Diogo Filipe Guerreiro Viana (born 22 February 1990) is a Portuguese professional footballer who plays as a right winger for S.C. Farense.

Club career
Born in Lagos, Algarve, Viana spent six years as a youth at Sporting CP. In June 2008 the 18-year-old was transferred to FC Porto as part of a deal involving Hélder Postiga, with the northerners receiving €2.5 million whereas the Lisbon club retained 50% of his rights. In the 2008–09 season, whilst still a junior, he made his debut with the first team, playing four Portuguese League Cup matches and totalling 55 minutes in two wins and two losses. His first appearance was against Vitória de Setúbal (2–1 home victory), on 8 January 2009.

On 17 June 2009, Viana moved on loan to VVV-Venlo in the Netherlands. He appeared in 23 Eredivisie games in his first year, helping the Limburg side finish in 12th position. In January 2011, he returned to Portugal and joined C.D. Aves of the second division also on loan.

After two years with F.C. Penafiel in the second tier, Viana joined Gil Vicente F.C. of the top flight in 2013. In November that year, he agreed to a new contract to keep him there until 2016, and with a release clause of €5 million.

Viana signed with First Professional Football League (Bulgaria) club PFC Litex Lovech in June 2015, after two years in the Primeira Liga with Gil Vicente FC. In the summer of 2016 he joined PFC CSKA Sofia on a free transfer, after the former merged with the latter.

On 31 January 2017, Viana moved to C.F. Os Belenenses for an undisclosed fee.

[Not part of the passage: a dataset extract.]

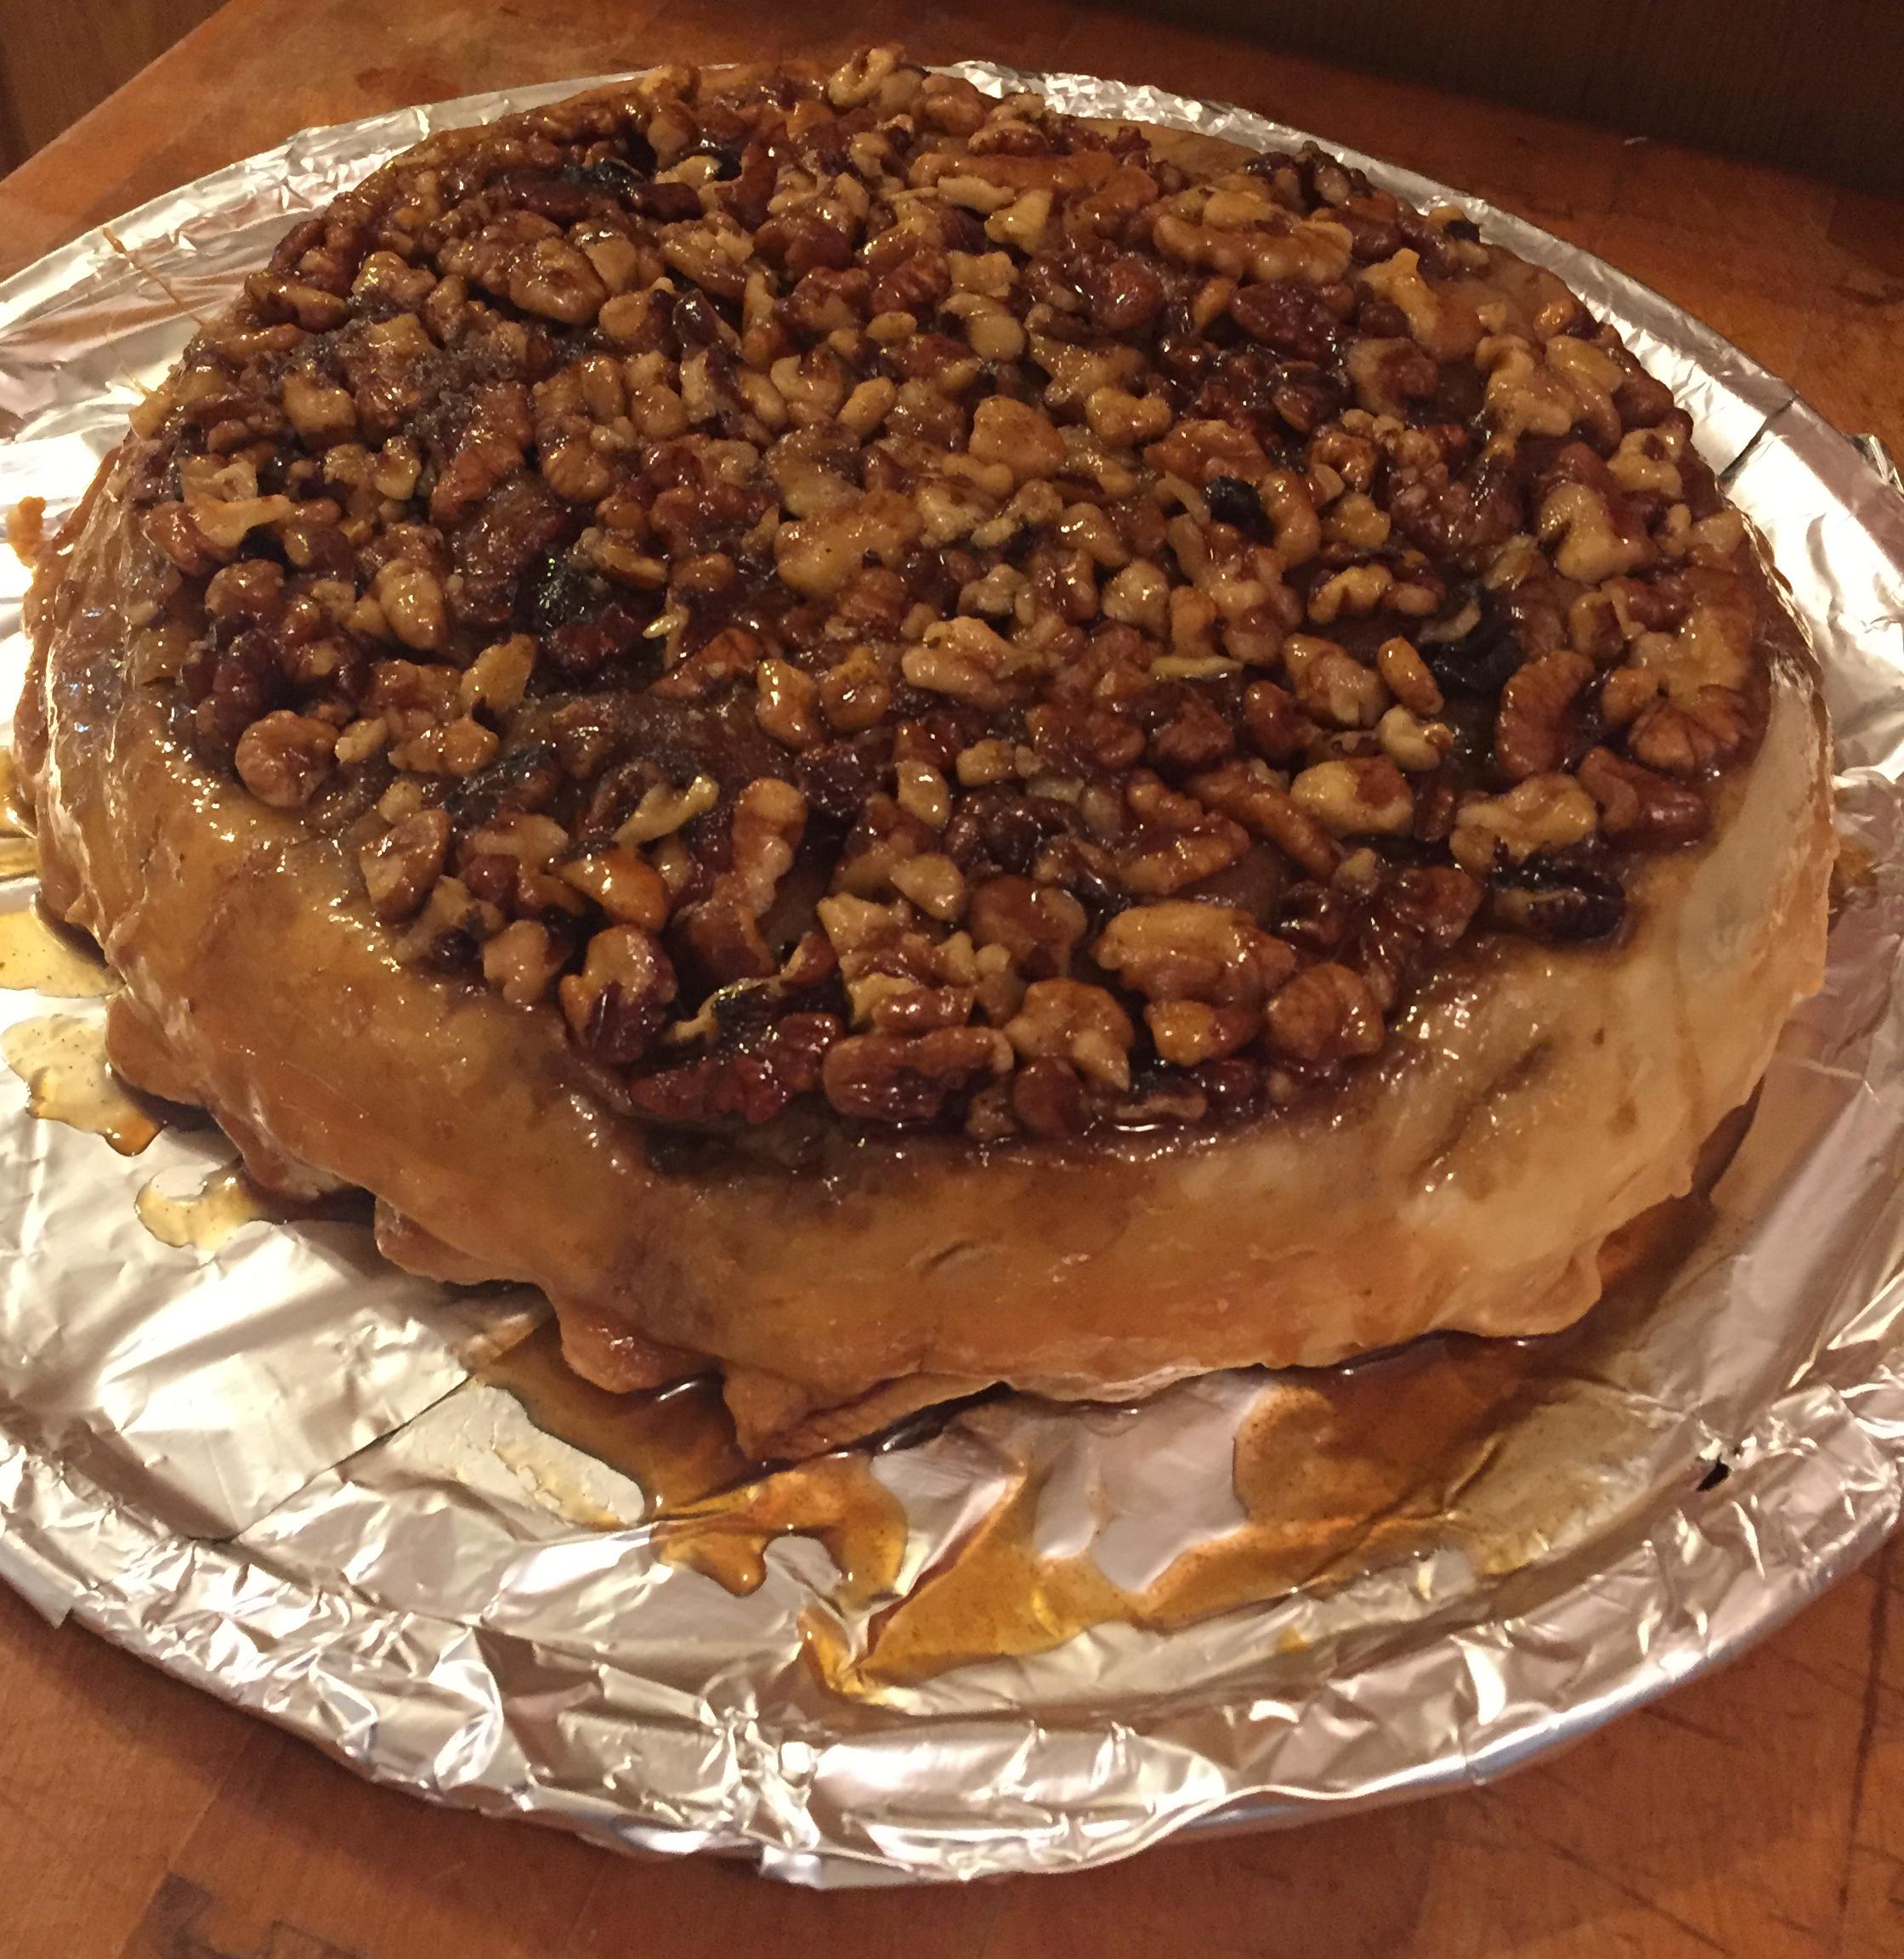 Upside Down Caramel Apple Pie

He scored once for the reorganised Belenenses SAD on 11 March 2019, as they came from behind to hold leaders S.L. Benfica to a 2–2 away draw.

After his deal expired, Viana was confirmed as a player for S.C. Braga on 25 June 2019, on a two-year contract. After eight competitive matches, both parties agreed to end his link on 5 October 2020.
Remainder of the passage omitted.